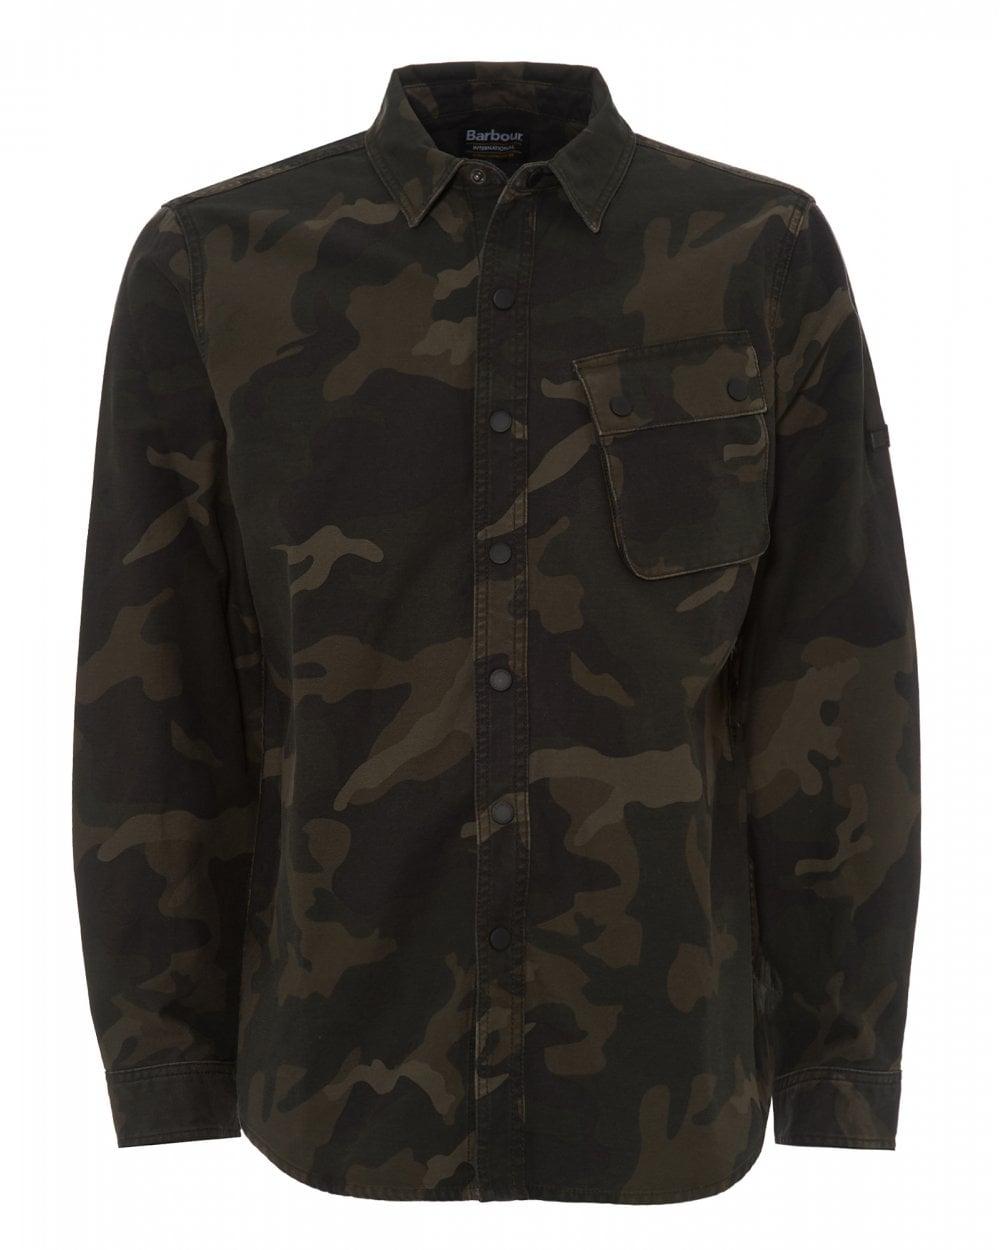 0708e4c703223 Barbour International Mens Cammo Overshirt, Dark Olive Jacket
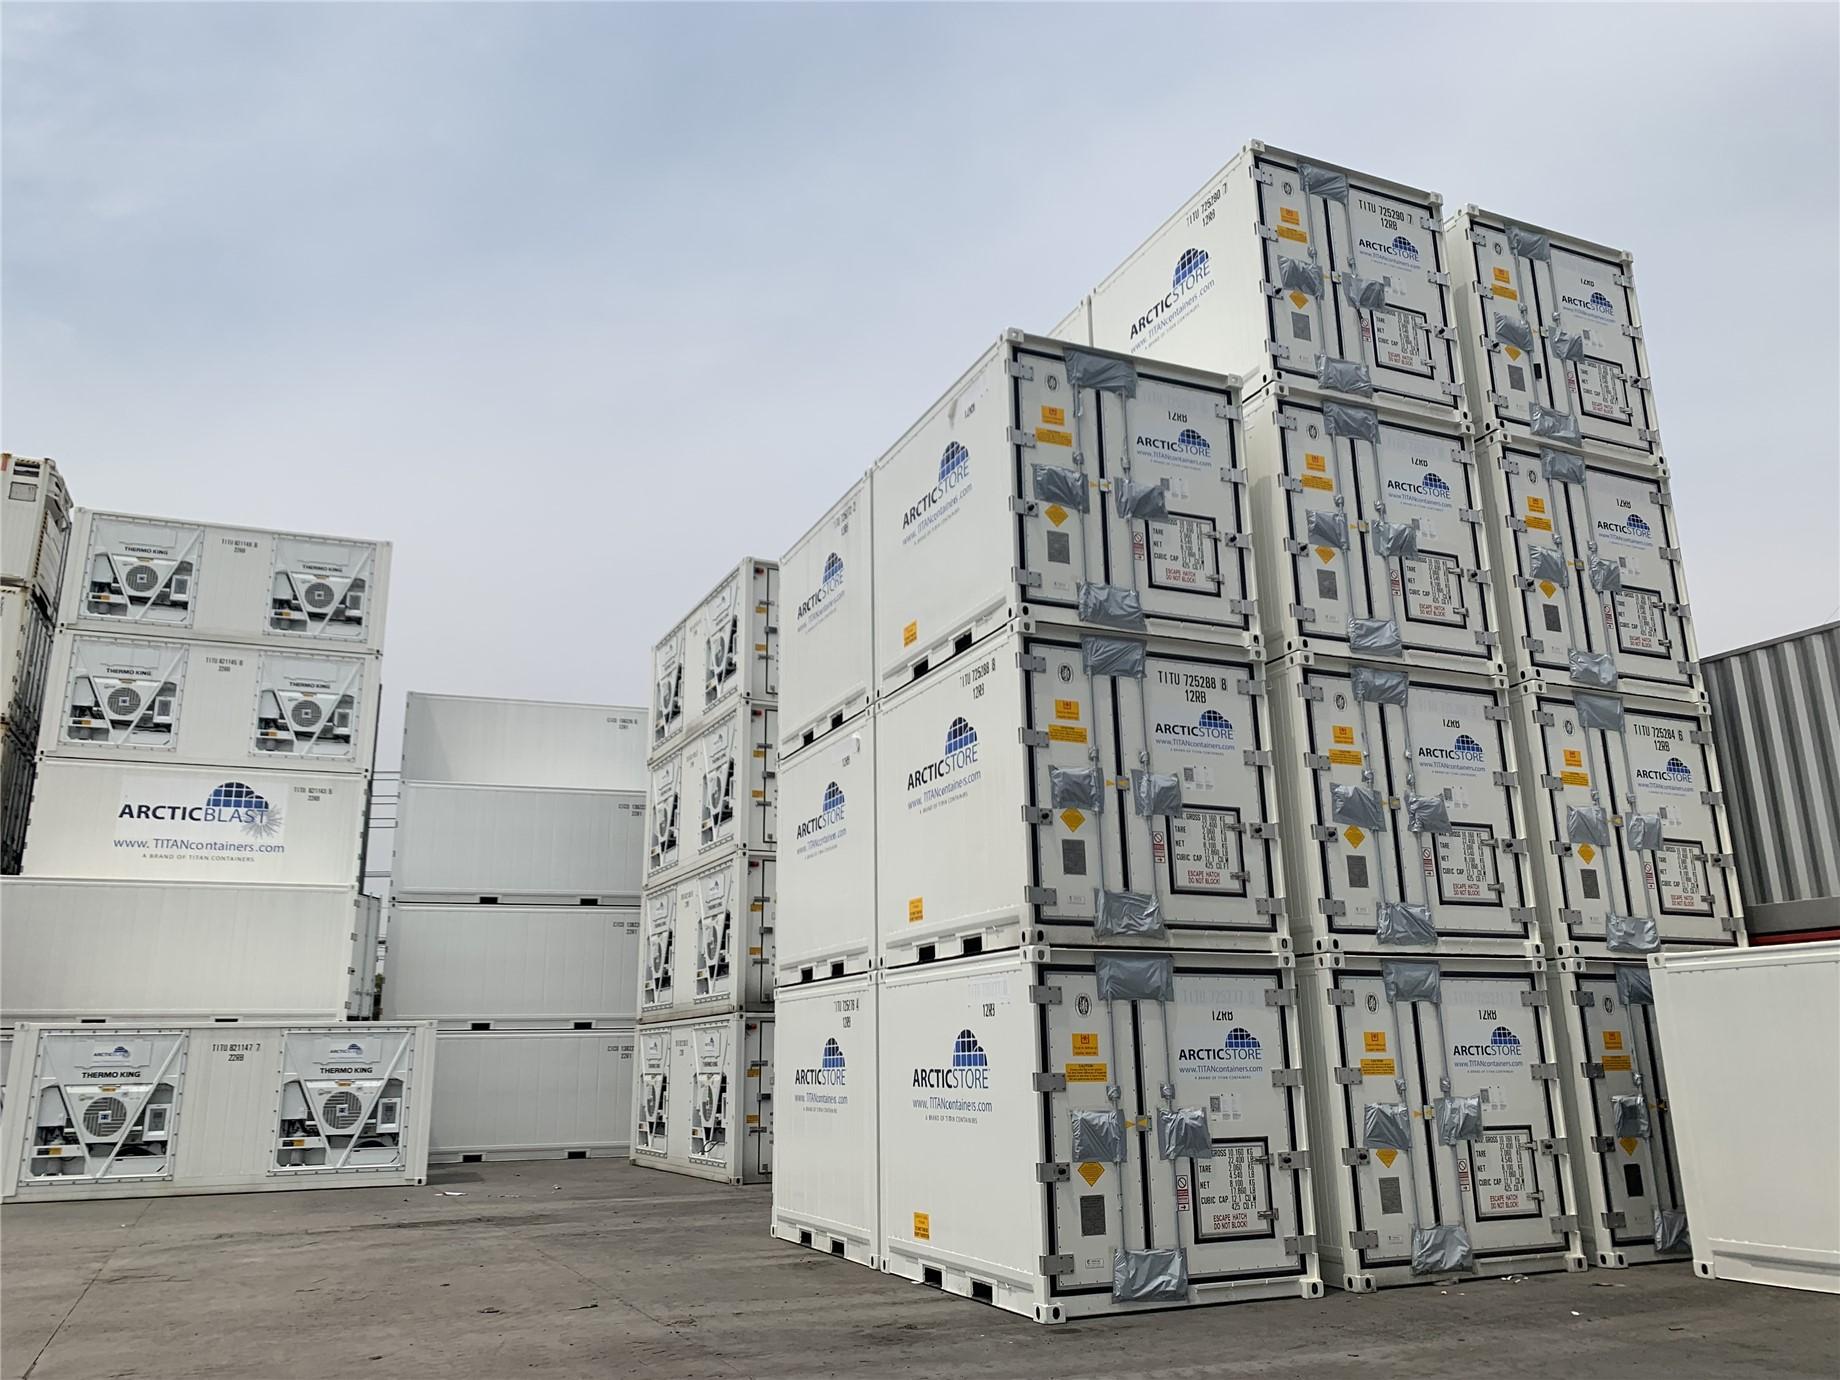 Door gear is protected for shipment
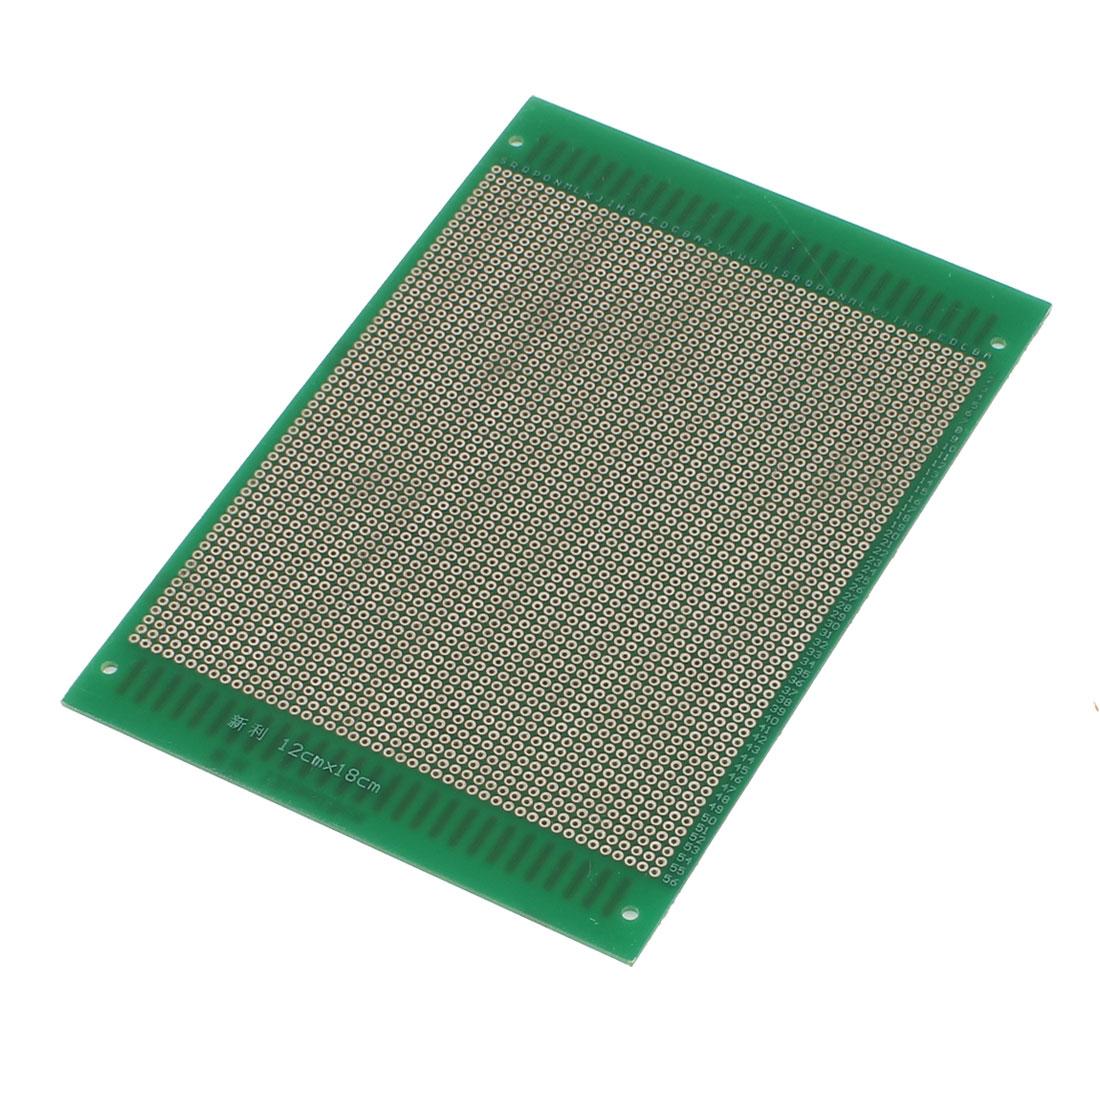 12cm x 18cm Electronic DIY Prototype Paper Double Side PCB Universal Board

◆ **Problem requirements**
Once the pictures are set aside, transcribe the remaining lines above exactly.

◆ **Worked solution**
 0708e4c703223 Barbour International Mens Cammo Overshirt, Dark Olive Jacket
 Door gear is protected for shipment
 12cm x 18cm Electronic DIY Prototype Paper Double Side PCB Universal Board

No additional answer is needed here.